During that run that decided the game, the Suns were, well, running.

“Running. Just running. Competing and running,” Suns center Deandre Ayton said of it.

Booker credited Ayton for helping create space and said there was a possession where he was in a full sprint and looked to his right and saw Ayton pass him.

“That opens up a lot of opportunities for all of us and he deserves the credit for that,” Booker said.

Hearing that back drew a big smile out of Ayton.

“Teams don’t want to see me dunking every time, so what I do is just run, man,” Ayton said. “Run to create offense for my teammates … That’s a thing we always go over. Once that ball is in the air and we get the ball, we’re out. That’s a thing Book and I go over with running,” he said with a laugh.

In the half-court even, the Nuggets were sending the help man to tag Ayton, something Booker shouted out as well. That was the thing the Los Angeles Lakers were less focused on doing, but let the Point God explain the thing about that:

“That’s what I’ve said all season long: We have a team. So if you try and take one of us out or not, we make the right play,” Paul said. “[Shoot,] who you gonna leave open? Mikal is cash. Jae is cash. Cam — I could keep going on and on and that’s the benefit of having a team.”

And while that was a big contribution from Ayton, his biggest, of course, was the job he did defending Nikola Jokic. The MVP frontrunner shot 10-of-23 for 22 points, not attempting a free throw. He also had three assists and four turnovers, which gave him a unique (in a bad way) box score.

Ayton had a ton of success defending Jokic this season and the question was how much of it would translate in the playoffs. Just about all of it did in Game 1. He had 20 points and 10 rebounds.

Perhaps the Nuggets will be kicking themselves for this being a winnable game without Jokic in even decent form, because point guard Facundo Campazzo and forward Aaron Gordon were both excellent on both sides of the ball while it was a relatively tame 21 points each for Booker and Paul.

Campazzo finished with 14 points, four rebounds, six assists and two steals while Gordon added 18 points, four rebounds, two assists and three steals.

Or, the Nuggets will shrug off that they couldn’t win “The Mikal Bridges Game,” with the third-year wing scoring a game-high 23 points after managing to get to only 13 in any game for Round 1.

Paul said Bridges is like his brother because the two can tell each other anything, and after a moment of slight hesitation in the first half for Bridges shooting the ball, Paul got on Bridges to shoot.

He did from that point on.

Craig’s nine points, eight rebounds and two blocks in 17 minutes against his former team felt even bigger than that awesome stat line indicates it was.
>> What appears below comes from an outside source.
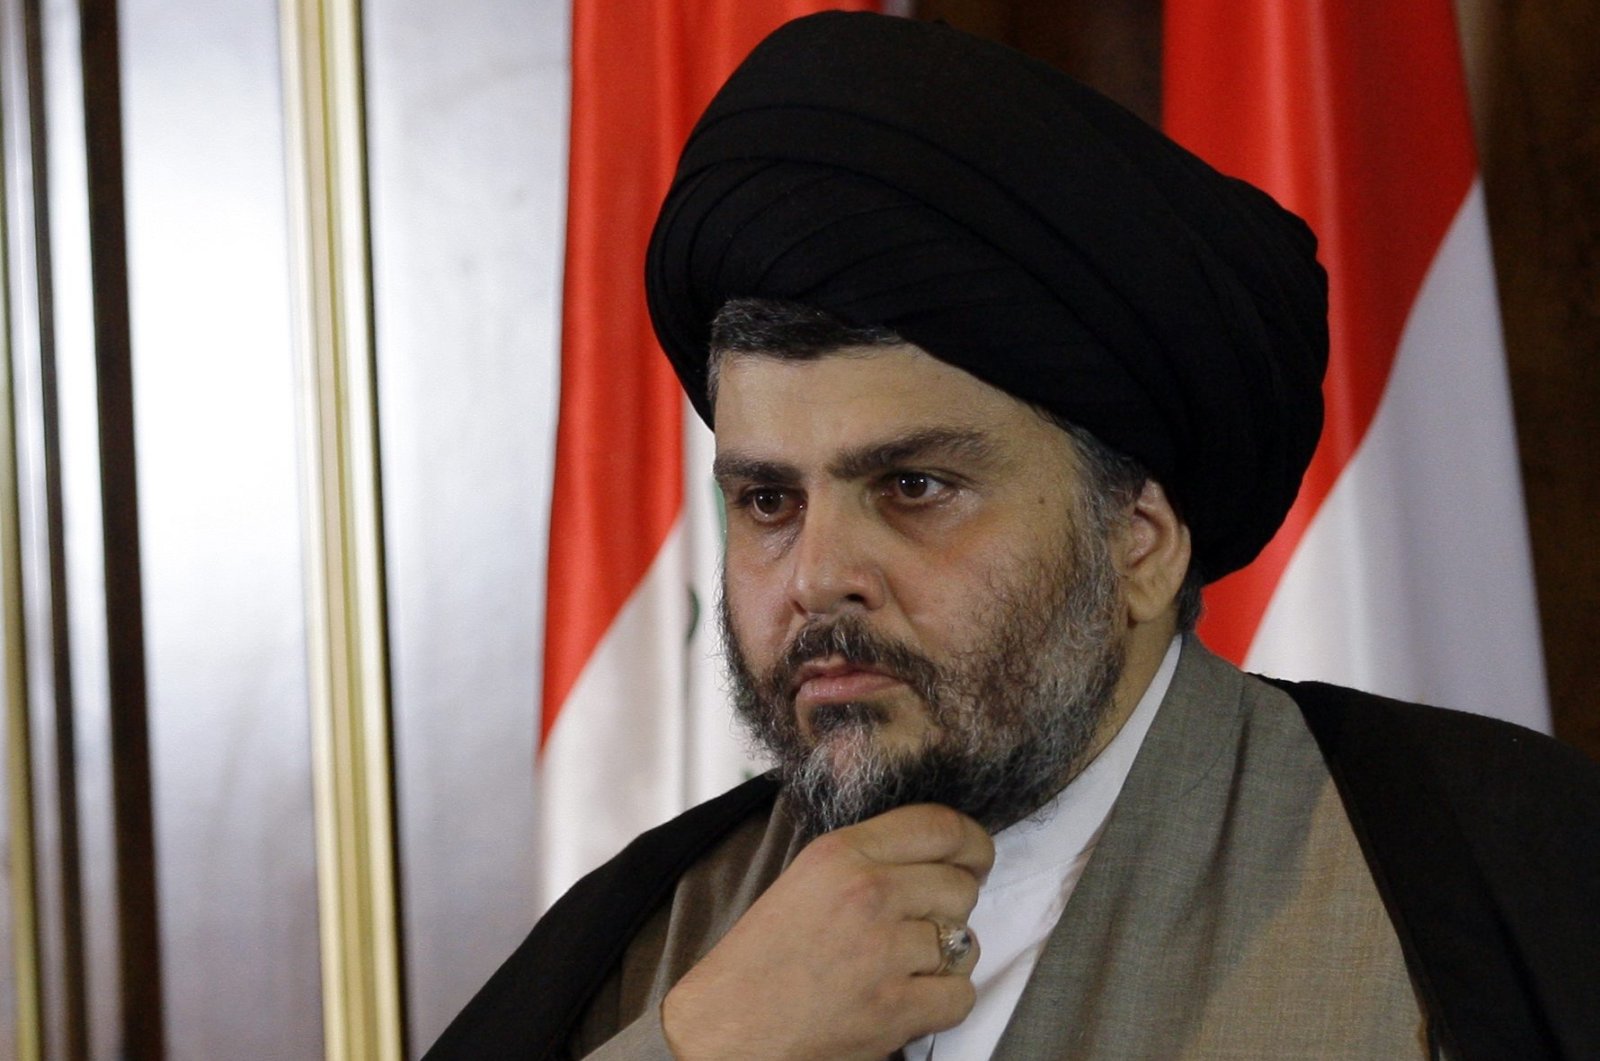 Shiite cleric Muqtada al-Sadr looks on during a press conference in Irbil, Iraq, April 26, 2012. (AP Photo)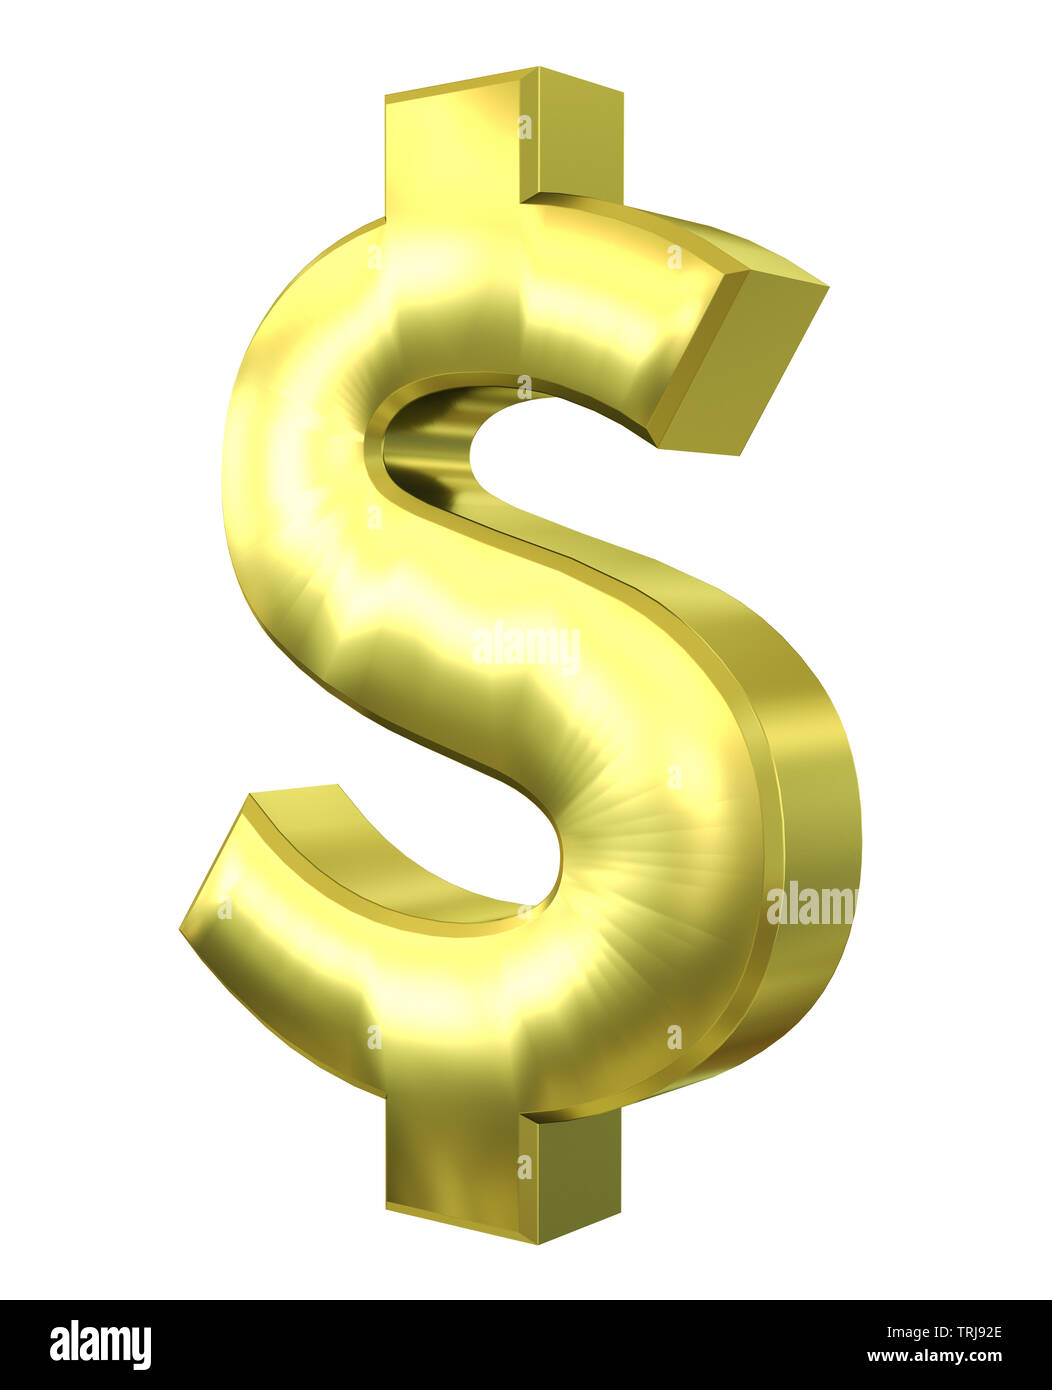 Golden money symbol Stock Photo

He did a tremendous job boxing out against the Nuggets’ second unit that has a big size advantage with Paul Millsap and JaMychal Green.

Denver’s backup guard Monte Morris, the team’s third-leading scorer in the first round at 15.3 points per game, was 1-for-10. Morris has been one of the NBA’s best reserve guards for a few seasons now, but the increased scoring role was new for him and he struggled with it against Phoenix.

It has to be an incredibly encouraging opener for the Suns. There are some ways to win Game 1 where that’s not exactly the case, but they beat the Nuggets playing the way they love to.

And they did so on a night where their defense was average at best. Williams said he saw his guys a step off in their communication on switches, where Denver got nearly a half-dozen free baskets in the first half. The Suns tightened that up in the second half and then smoked the Nuggets.

It was not a supernova Booker performance like three of the wins against the Lakers. Just a good ol’ fashioned team win. And the Suns’ capability of getting those is what makes them such a dangerous team and a tough out.